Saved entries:
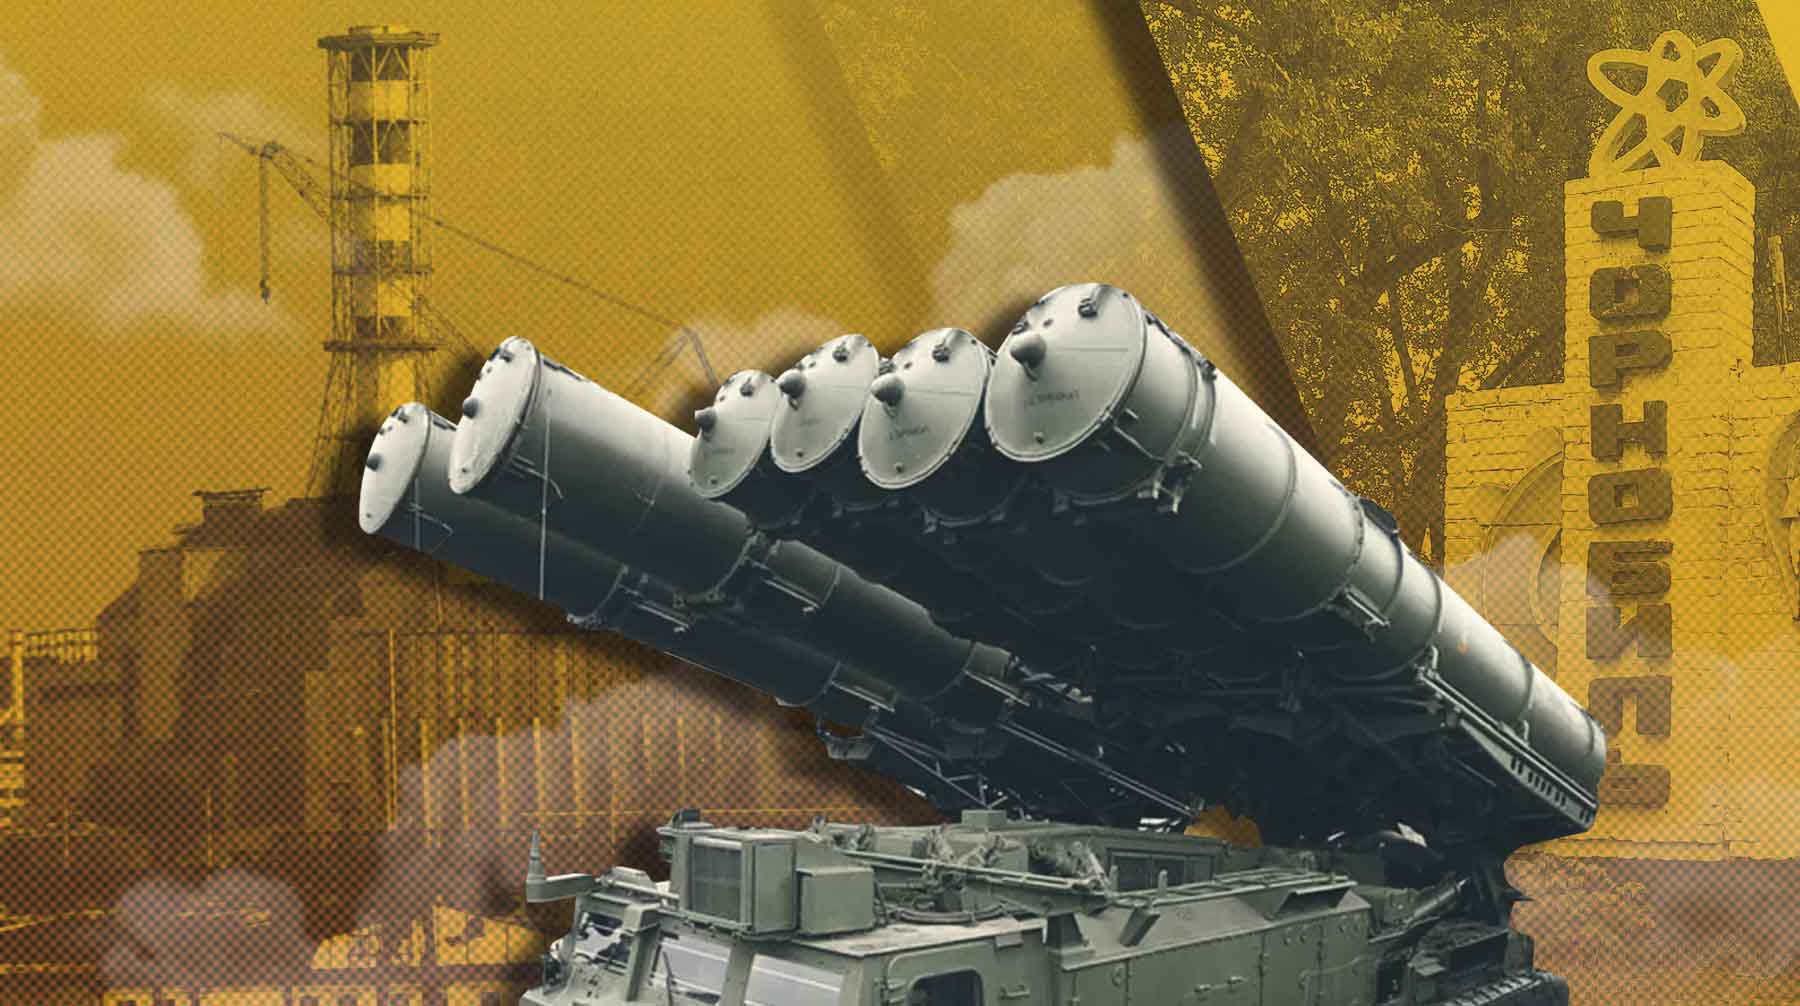 Dailystorm - Руководитель строительства саркофага на ЧАЭС: Российские системы ПВО должны быть начеку, чтобы под Запорожьем не повторился Чернобыль
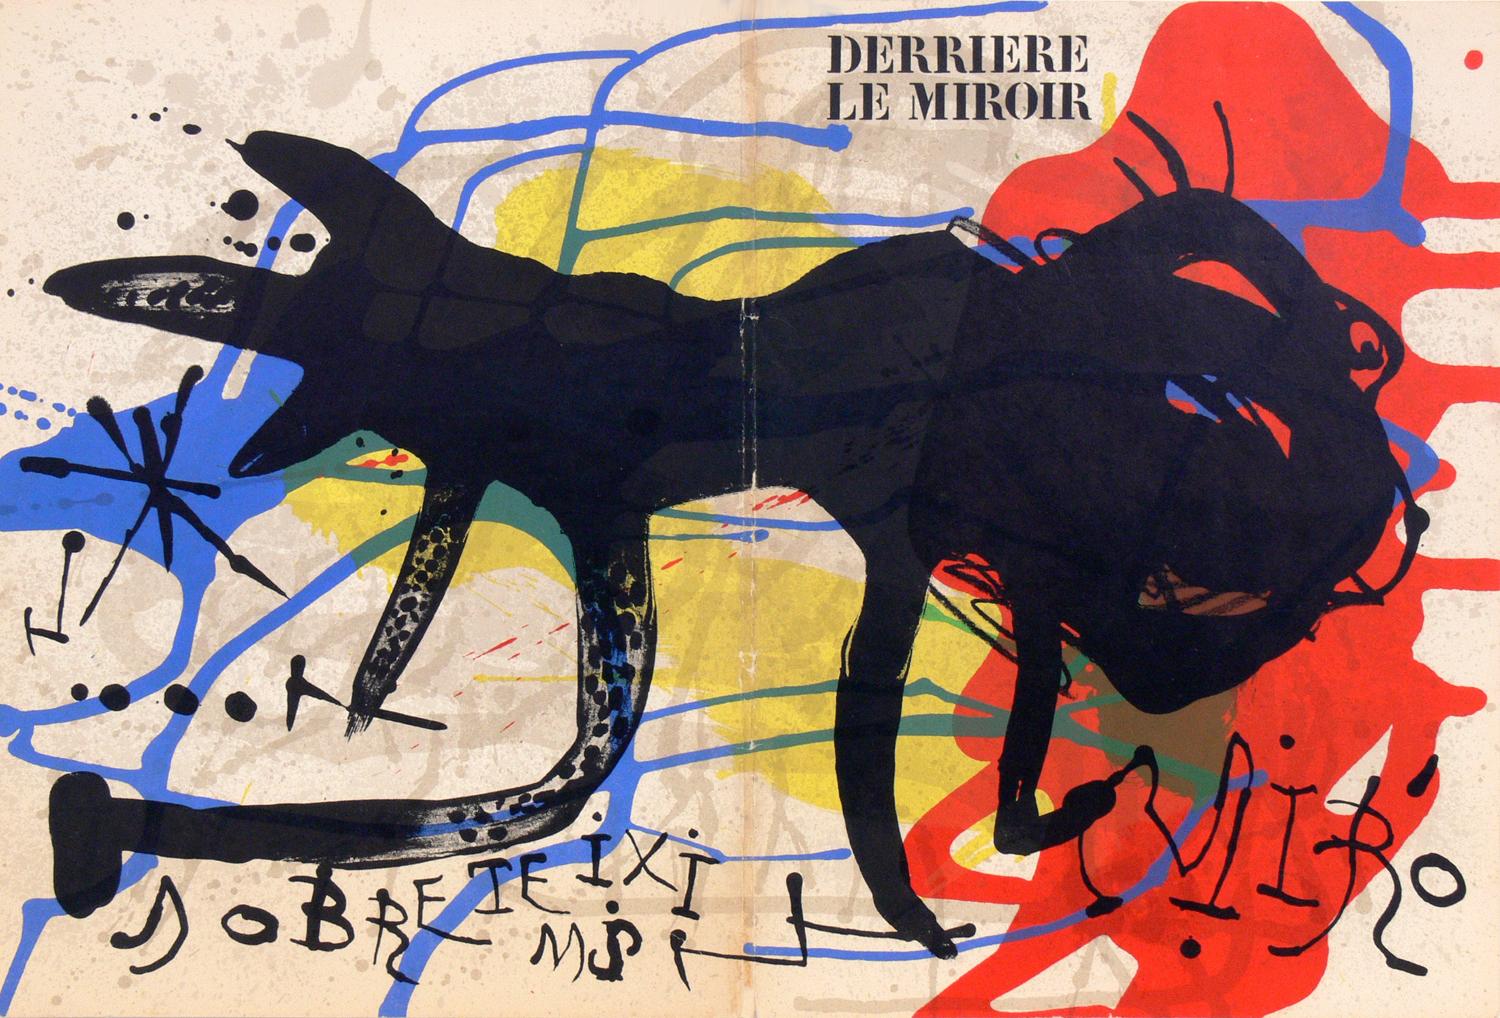 Sélection de lithographies modernistes pour galerie murale, françaises, vers les années 1960. De haut en bas, de gauche à droite, ce sont :
1) Lithographie en couleurs de Joan Miro, tirée de Derriere Le Miroir, vers les années 1960. Vu en haut à
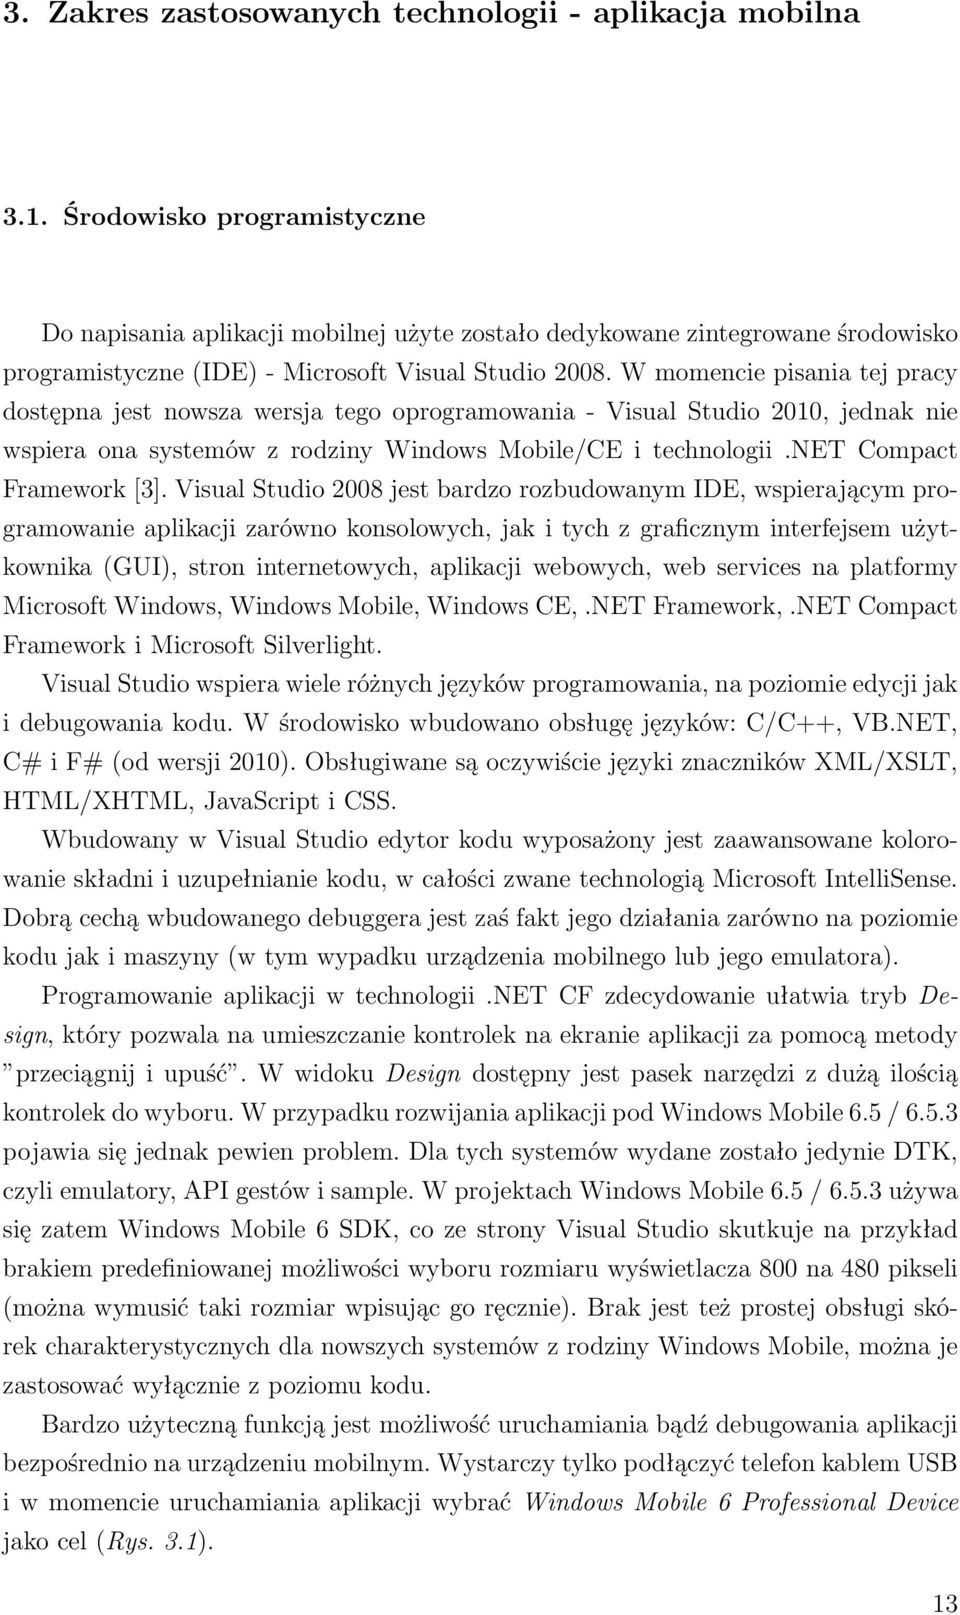 W momencie pisania tej pracy dostępna jest nowsza wersja tego oprogramowania - Visual Studio 2010, jednak nie wspiera ona systemów z rodziny Windows Mobile/CE i technologii.net Compact Framework [3].
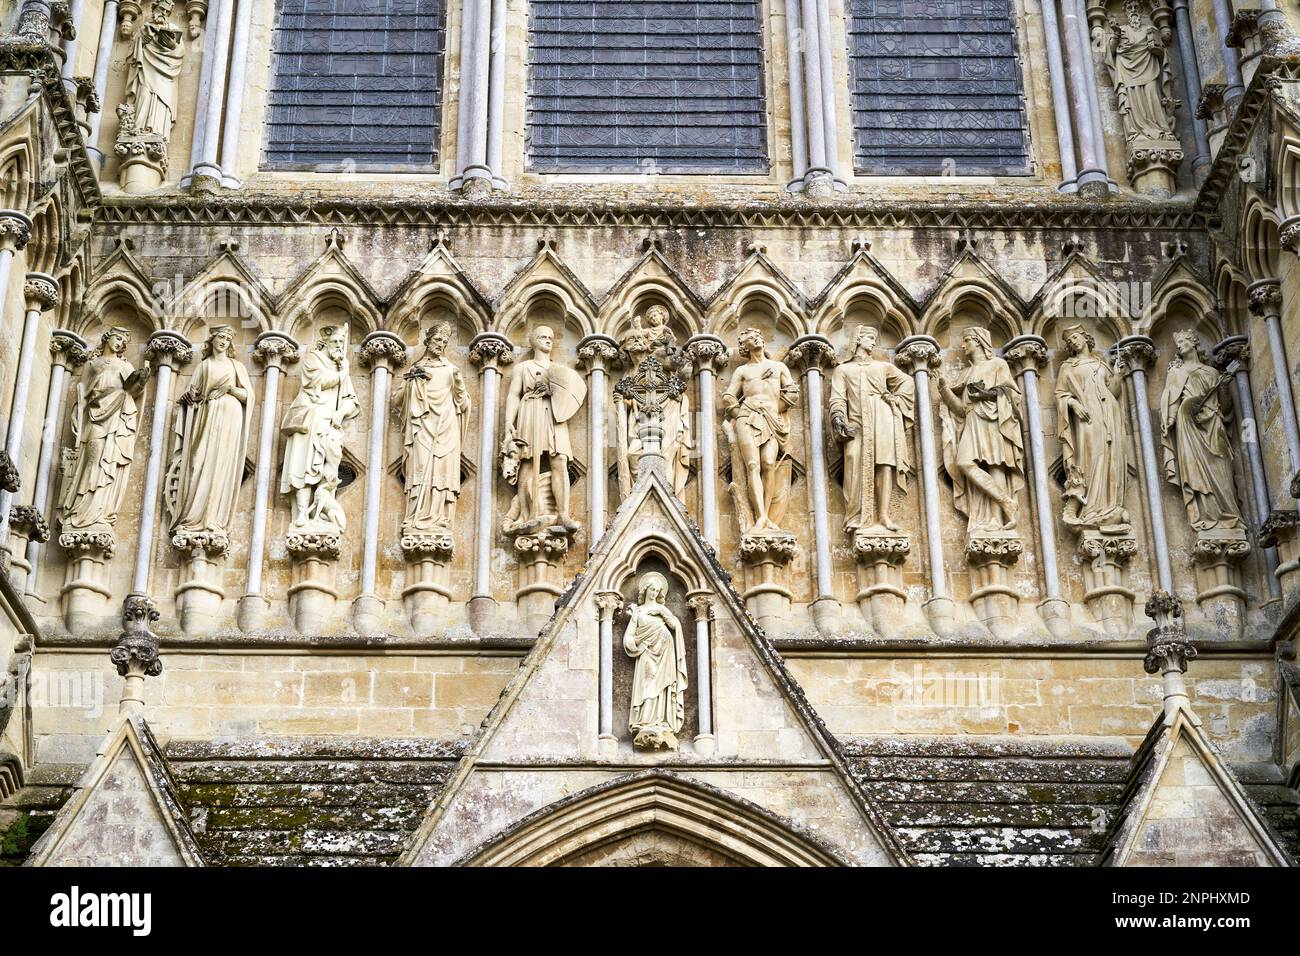 Rangée de statues en pierre sculptée de saints au-dessus de l'entrée principale de la cathédrale de Salisbury Banque D'Images
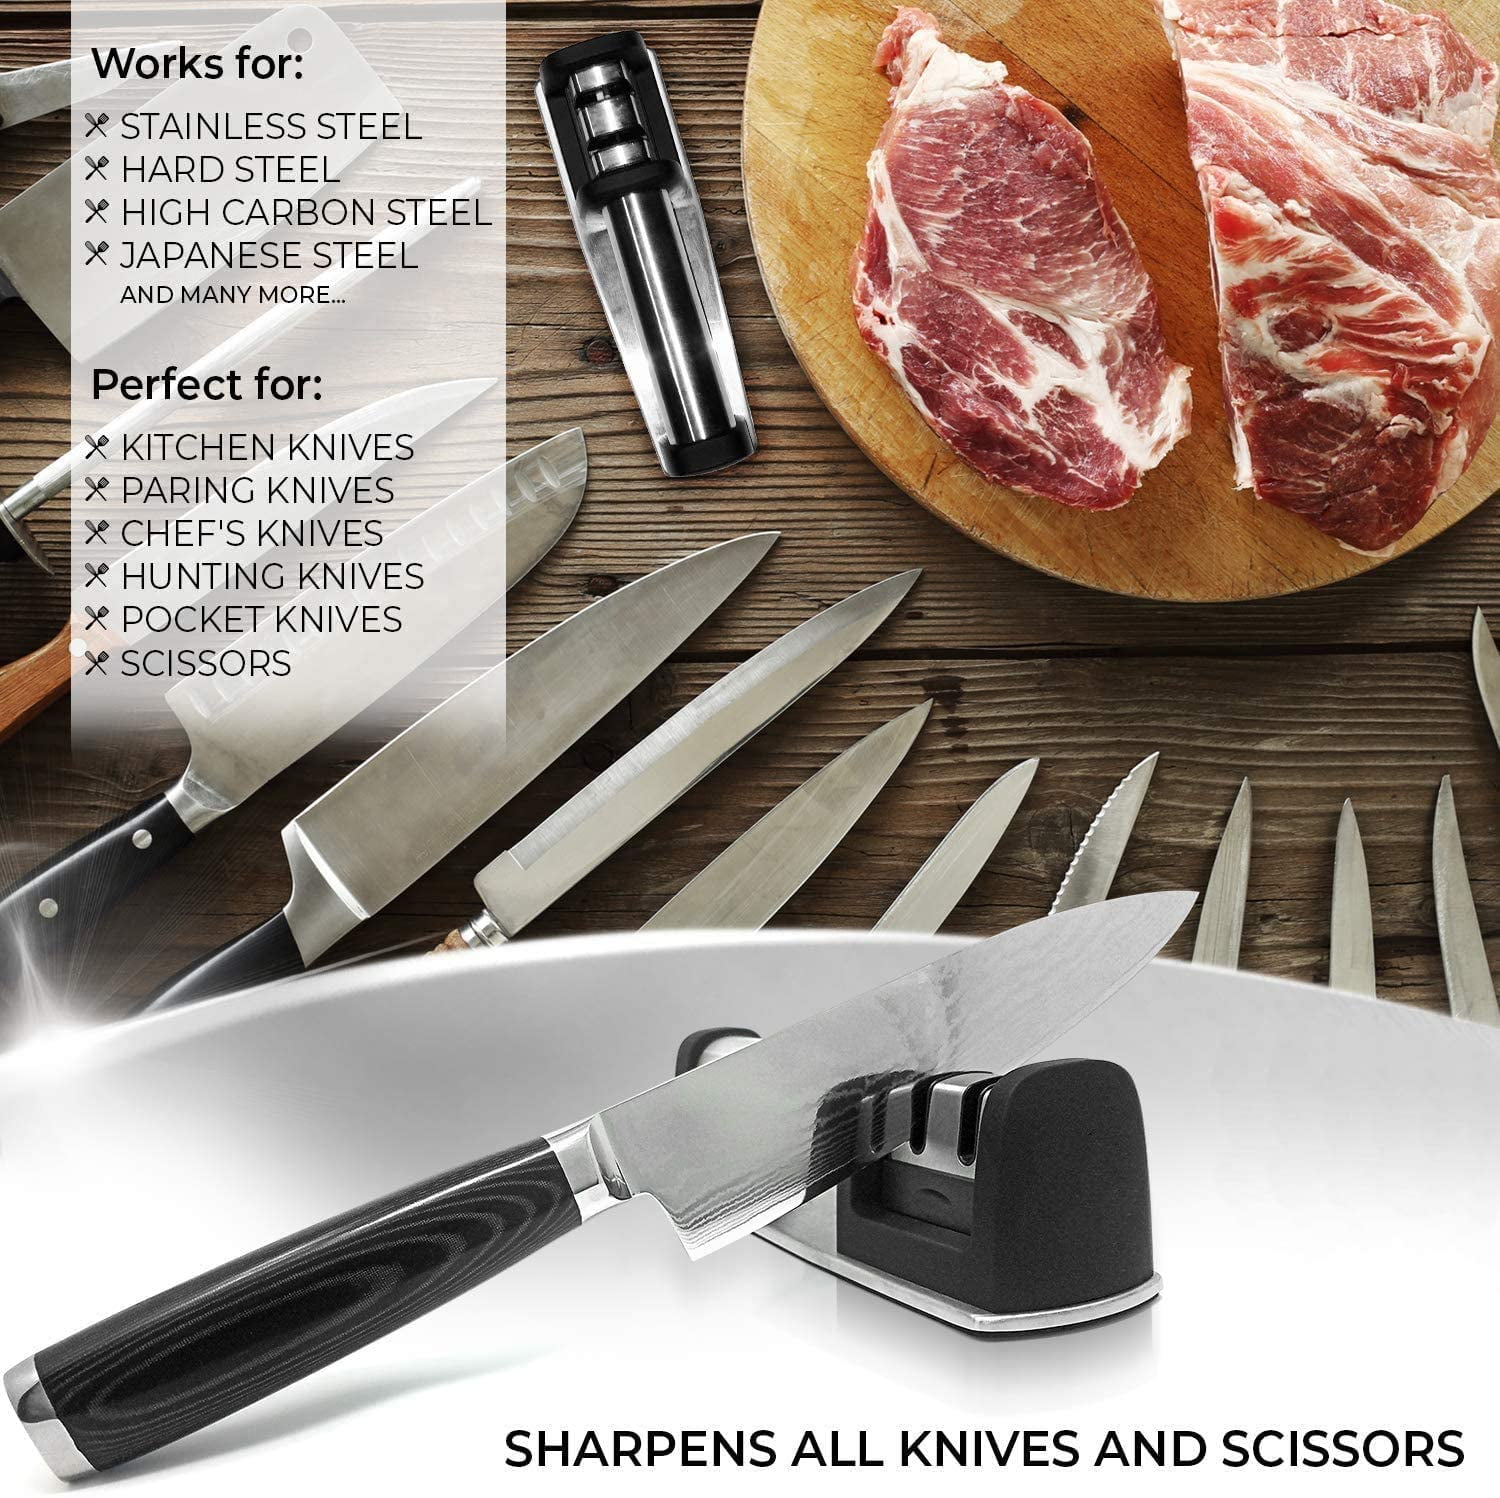 Manual Knife Sharpener - Professional 2-Stage Knife Sharpening

TASK DESCRIPTION: Set the pictures aside and transcribe exactly the stretch of lines above, beginning with the one holding "Sélection de lithographies" and ending with the one holding "W momencie pisania".

SOLUTION TO THIS EXERCISE:
 Sélection de lithographies modernistes pour galerie murale, françaises, vers les années 1960. De haut en bas, de gauche à droite, ce sont :
1) Lithographie en couleurs de Joan Miro, tirée de Derriere Le Miroir, vers les années 1960. Vu en haut à
 W momencie pisania tej pracy dostępna jest nowsza wersja tego oprogramowania - Visual Studio 2010, jednak nie wspiera ona systemów z rodziny Windows Mobile/CE i technologii.net Compact Framework [3].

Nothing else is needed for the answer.